[Exercise brief]: Once the pictures are set aside, repeat all of the data below exactly.

[Dataset extract]:
++++++++++
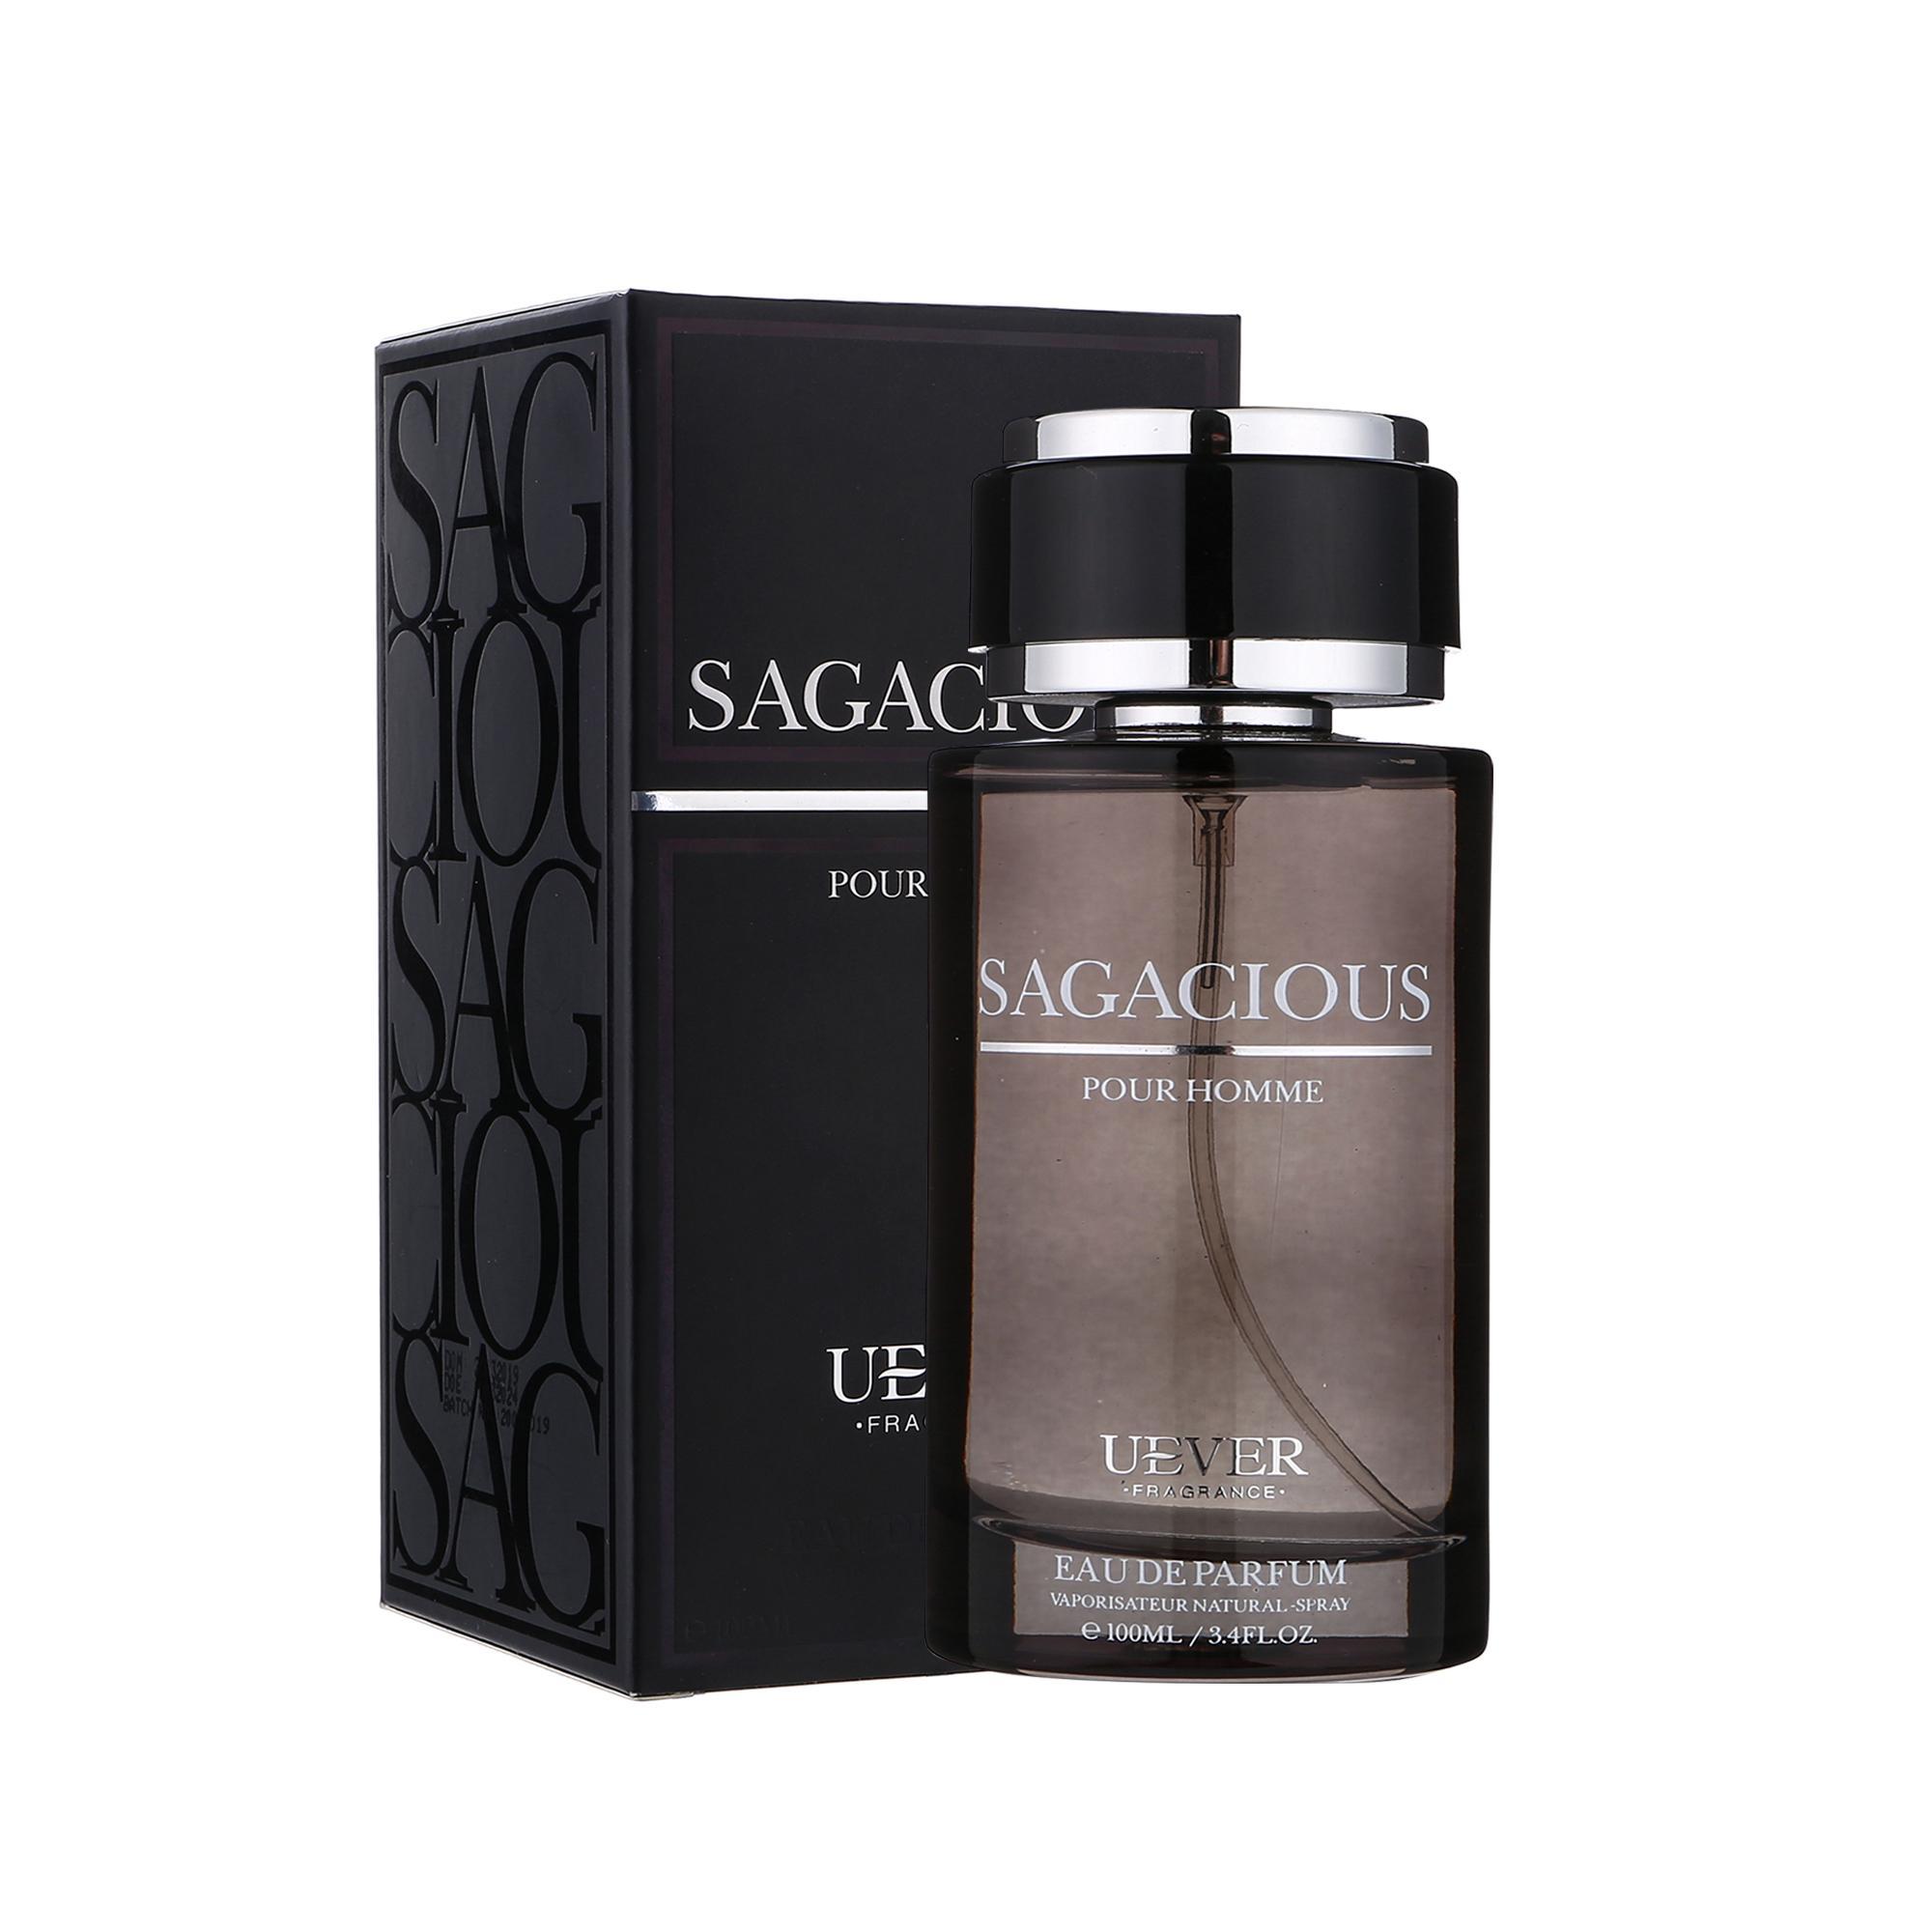 Nước hoa nam cao cấp SAGA Cologne thương hiệu Pháp UEVER 100ml lưu hương 10 tiếng nhập khẩu
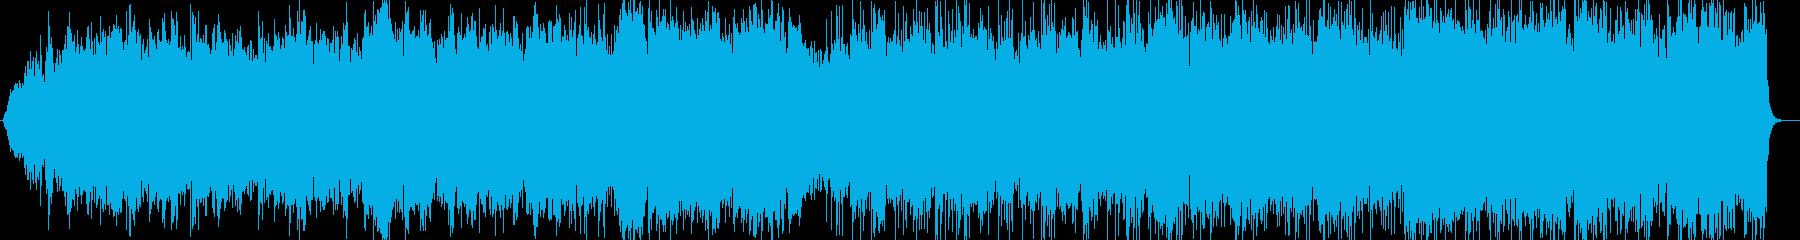 清々しいミディアムテンポのポップスの再生済みの波形
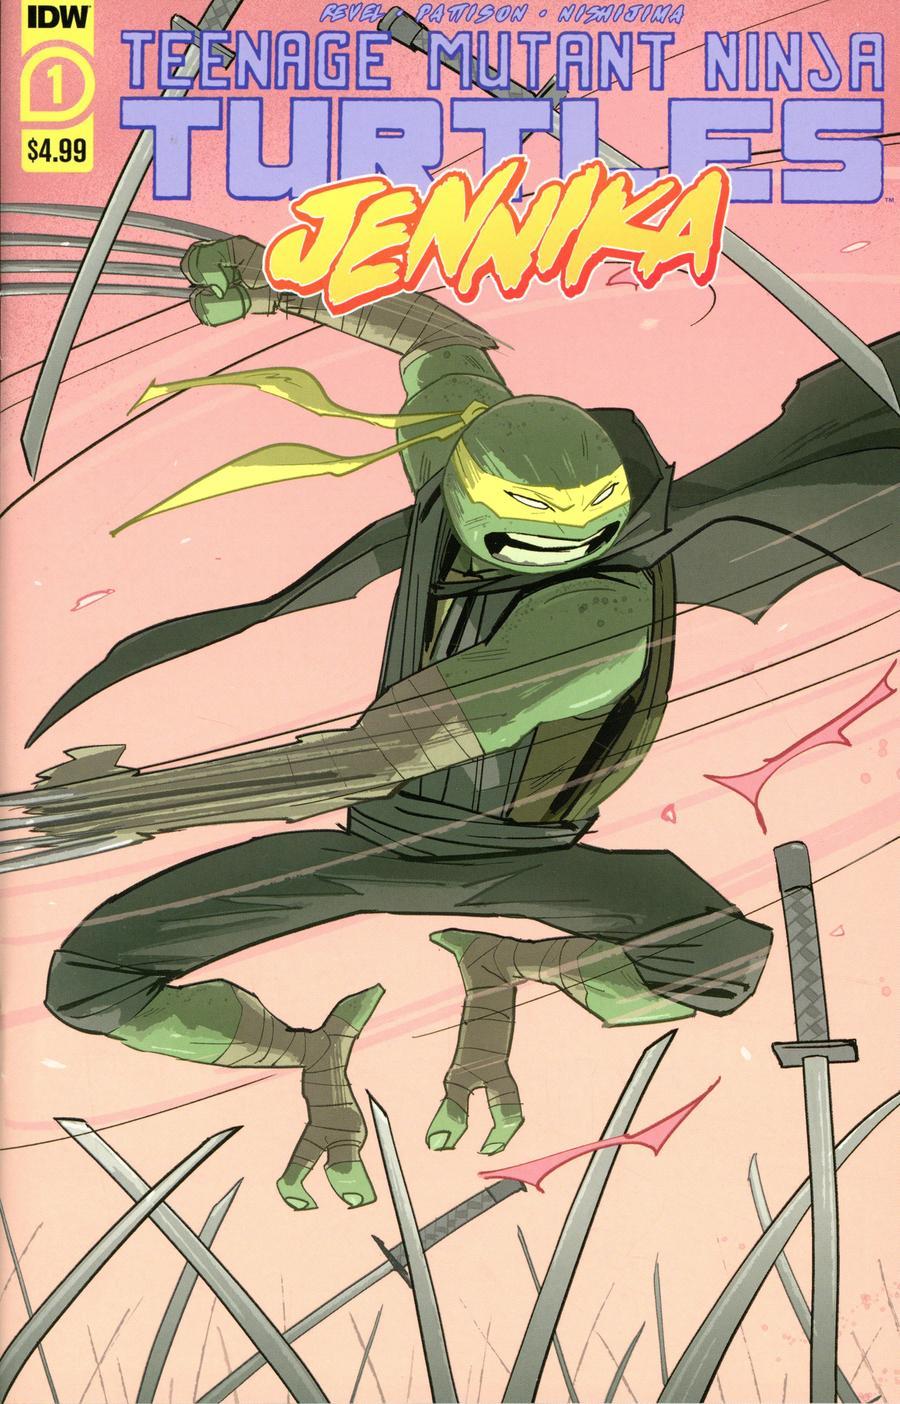 Teenage Mutant Ninja Turtles: Jennika #1 (2020)
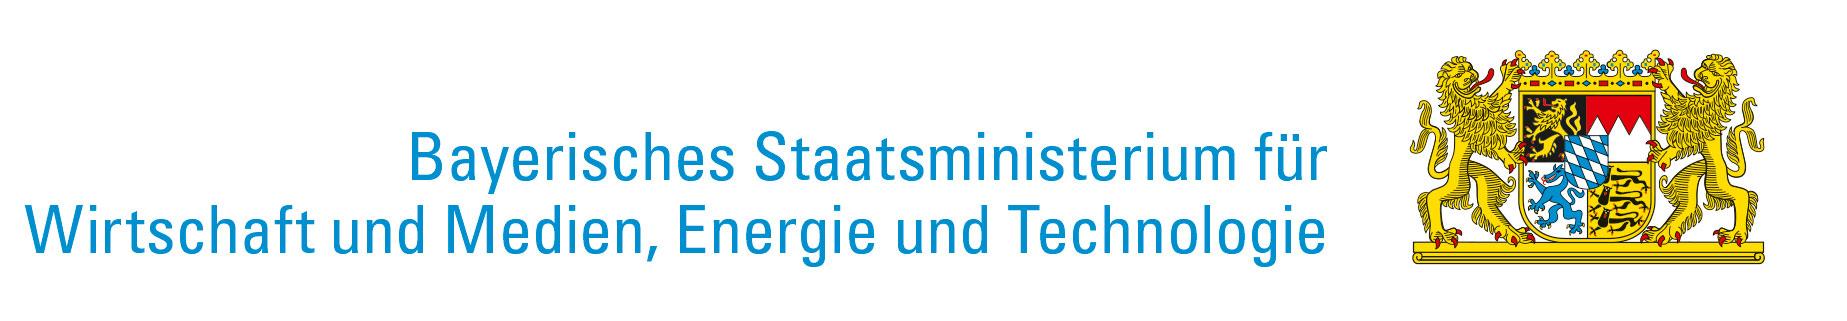 Bildergebnis für bayerisches staatsministerium für wirtschaft und medien, energie und technologie
++++++++++
[Response area]:
 Nước hoa nam cao cấp SAGA Cologne thương hiệu Pháp UEVER 100ml lưu hương 10 tiếng nhập khẩu
 清々しいミディアムテンポのポップスの再生済みの波形
 Teenage Mutant Ninja Turtles: Jennika #1 (2020)
 Bildergebnis für bayerisches staatsministerium für wirtschaft und medien, energie und technologie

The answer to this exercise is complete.